How do you produce text from a text generation model

We use the pytorch and transformers (from huggingface) libraries to run our transformers models.

First, we import the libraries required

import torch
from transformers import AutoTokenizer, AutoModelForCausalLM, BitsAndBytesConfig

We create the model and the tokenizer (see Tokens). You can find a lot of models on the Hugging Face website. You can also specify a folder as the model_name to load a model from your computer.

model_name = "Salesforce/codegen2-1B" # name of the mode

# We use the metal backend as we are mac users.
# You can use "cpu" to run on the cpu
# or "cuda" if you have nvidia
device = "mps"

# We load the model
tokenizer = AutoTokenizer.from_pretrained(model_name, device=device)
model = AutoModelForCausalLM.from_pretrained(model_name, trust_remote_code=True).to("mps")

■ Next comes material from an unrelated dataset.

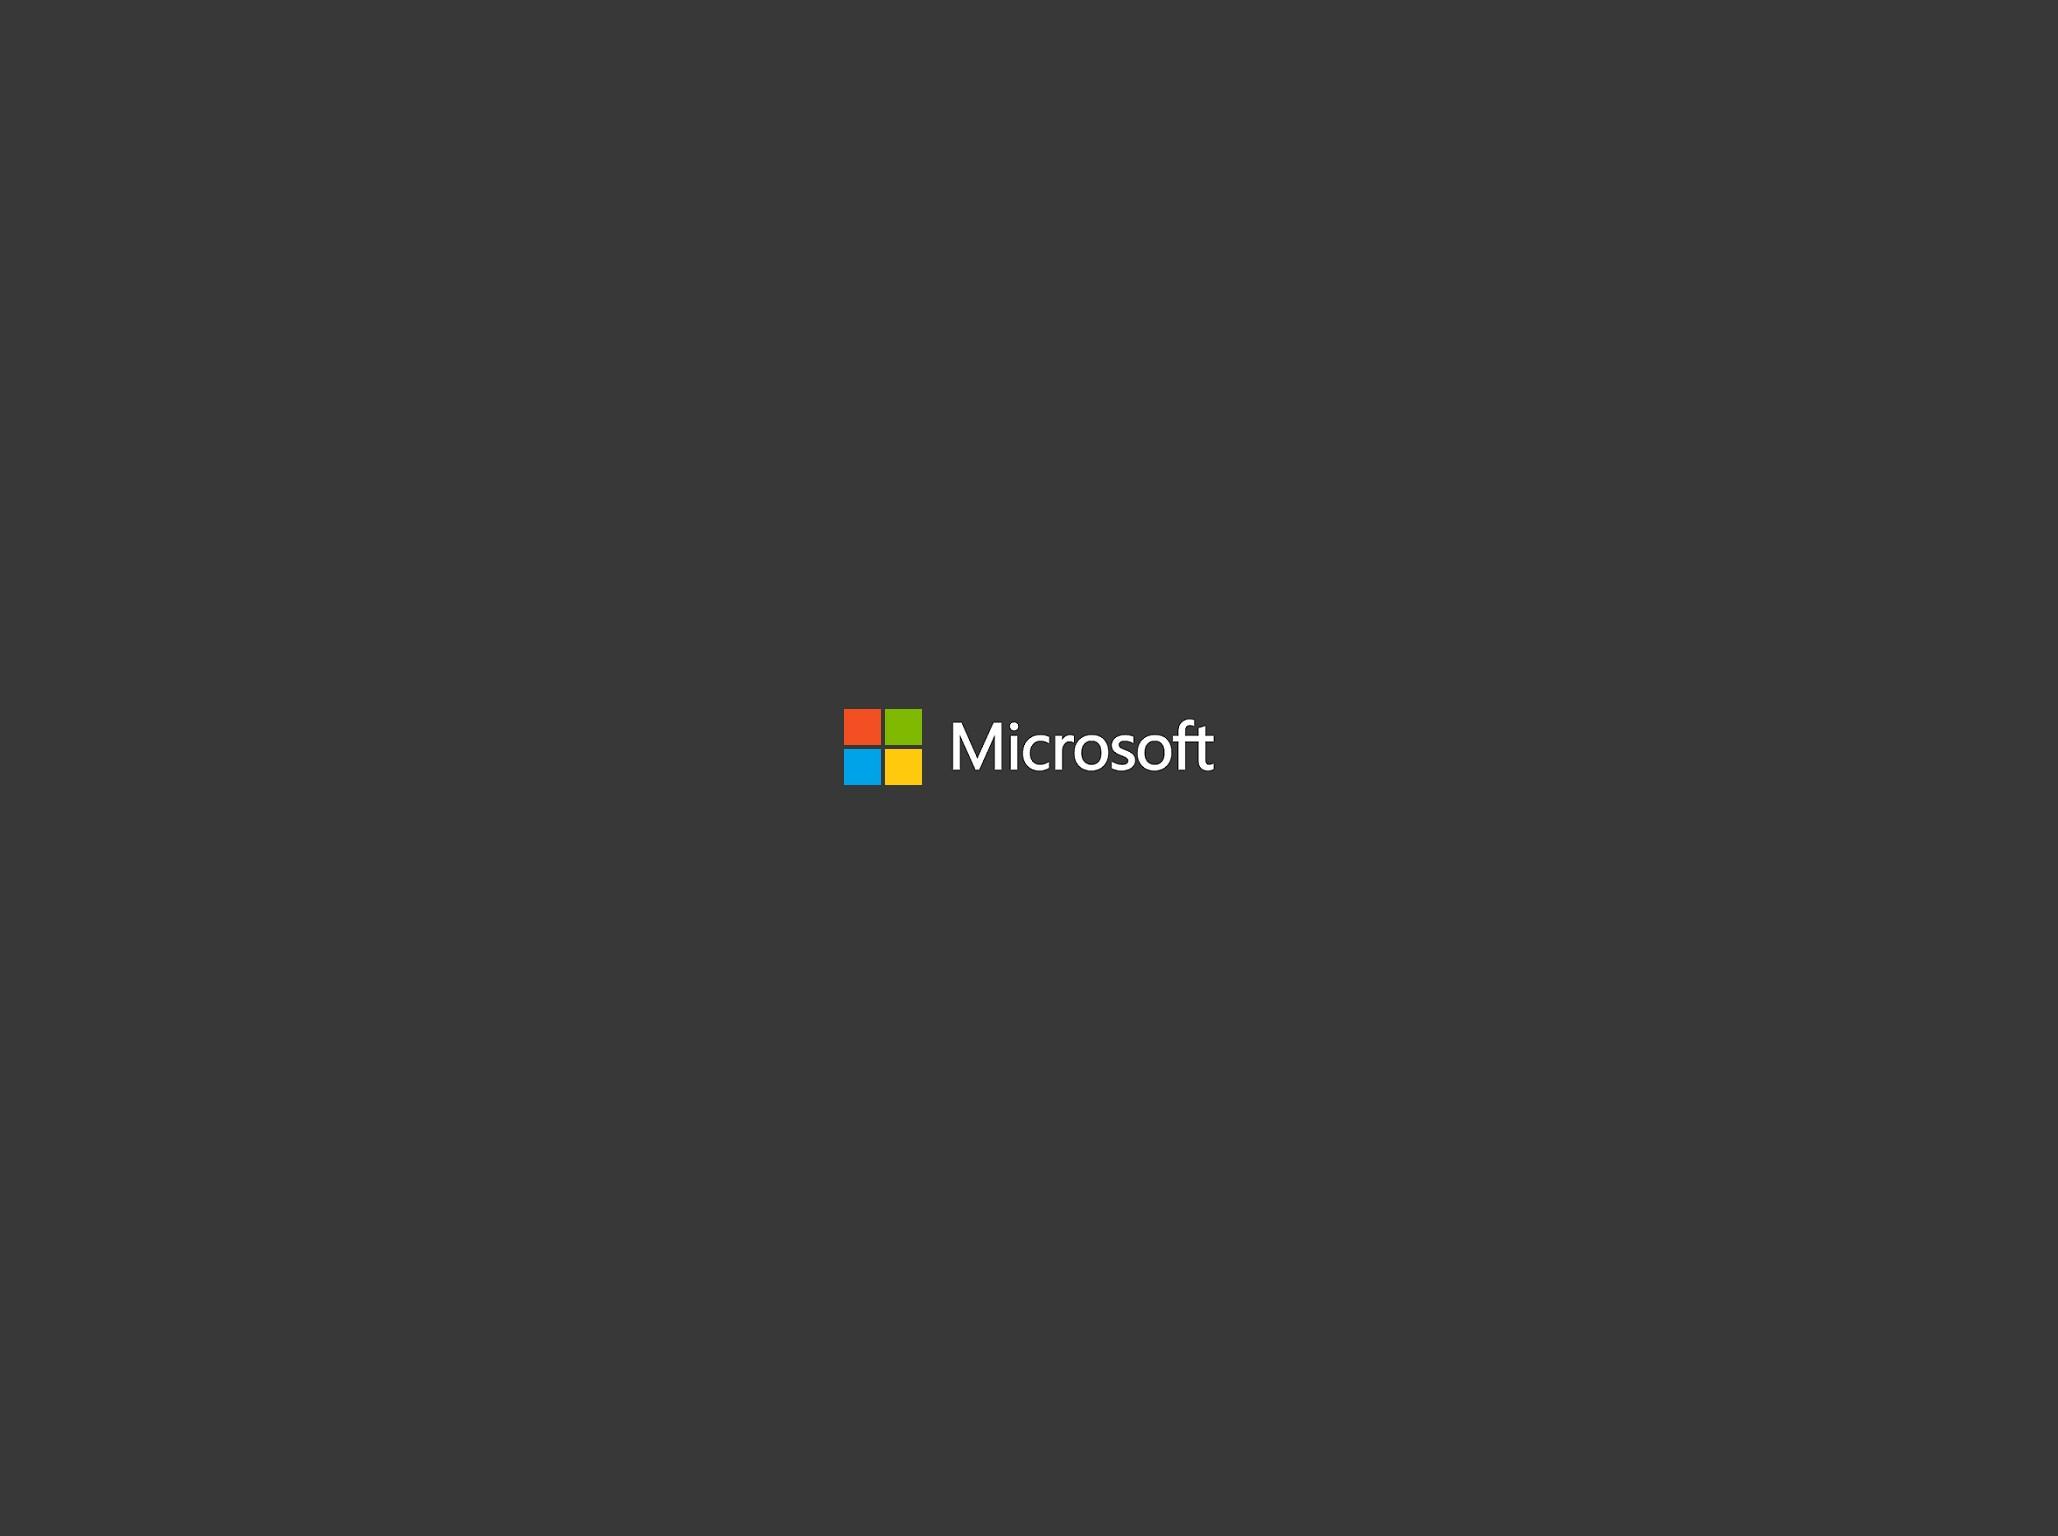 50 microsoft wallpapers download free beautiful high resolution wallpapers for desktop - Microsoft wallpaper ...

We can then write a function to use the network.

def generate_text(prompt):
	inputs = tokenizer(prompt, return_tensors="pt").to("mps")
	outputs = model.generate(inputs.input_ids, max_new_tokens=60, attention_mask=inputs.attention_mask, do_sample=True, num_beams=5)
	return tokenizer.decode(outputs[0], skip_special_tokens=True)

Note that we are using Beam search. You can use different parameters in model.generate for different ways of picking the next token.

And we can use the function !

>>> generate_text("function generate")
function generate_key() {
	return openssl_pkey_new(array(
		'private_key_bits' => 1024,
		'private_key_type' => OPENSSL_KEYTYPE_RSA,
	));
}

Here, we used a model with 1 billion parameters that specializes in code generation but you can use the same code to run any hugging face model.